Nothing to fear-- many folks use Fiddler with Windows 10 every day, so there's something interesting wrong in your config. Can you have a look at the questions here and reply with your answers here?

Thanks!
Eric Lawrence
Telerik
Do you want to have your say when we set our development plans? Do you want to know when a feature you care about is added or when a bug fixed? Explore the Telerik Feedback Portal and vote to affect the priority of the items
Kevin
Top achievements
Rank 1
commented on 10 Dec 2015, 12:20 AM

Hi, Eric,

Thanks much for prompt reply. Fiddler captures localhost traffic just fine. Just that it doesn't captures HTTPs traffic to: https://pipe.int.trafficmanager.net/. I am using a native app on Windows 10. Not sure something to do with Proxy server or not and I am in corpnet behind the firewall.

-Kevin 

 

Eric Lawrence
Telerik team
commented on 10 Dec 2015, 07:18 PM

Hi, Kevin--

   1. On Fiddler’s Help menu, click Troubleshoot... and load the client. Does any traffic appear in Fiddler?
   2. Do you see HTTPS traffic from your browser to any secure host?
 
Regards,
Eric Lawrence
Telerik
Do you want to have your say when we set our development plans? Do you want to know when a feature you care about is added or when a bug fixed? Explore the Telerik Feedback Portal and vote to affect the priority of the items
john
Top achievements
Rank 1
commented on 10 May 2016, 09:57 PM

https://www.microsoft.com/en-au/dynamics/crm-sales.aspx

this page gives errors and wants a proxy

Lee
Top achievements
Rank 1
commented on 05 Jan 2018, 08:33 PM

Hi Eric,  I'm having the same problem as Kevin. 

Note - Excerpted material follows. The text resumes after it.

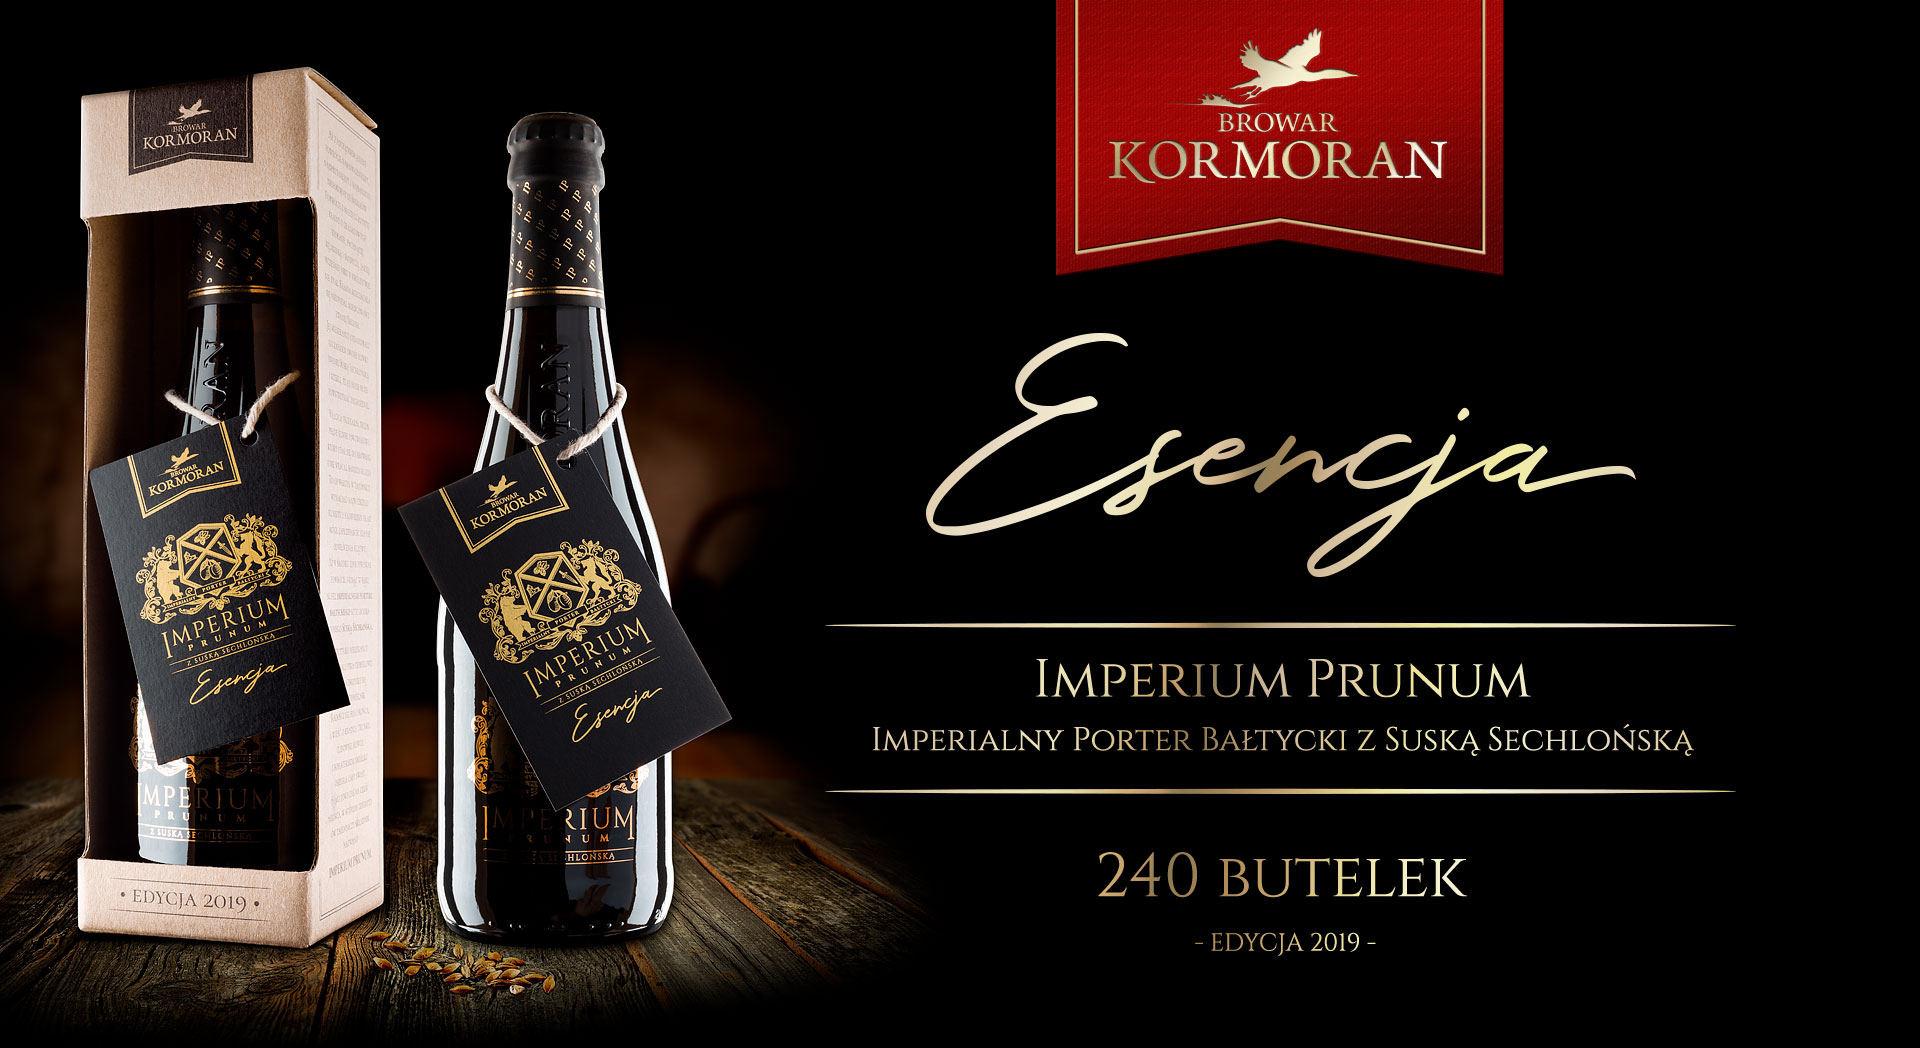 Piwo Imperium Prunum Esencja 2018 - Browar Kormoran

1. When I click Help->Troubleshoot I still do not see any https traffic from my UWP app.  
2. When I navigate to the exact same SSL enabled URL via a website I do see the traffic

Furthermore if I navigate to the URL without HTTPS in my UWP app the traffic shows up.  And if I request a URL from the local loopback address it shows up in Fiddler. 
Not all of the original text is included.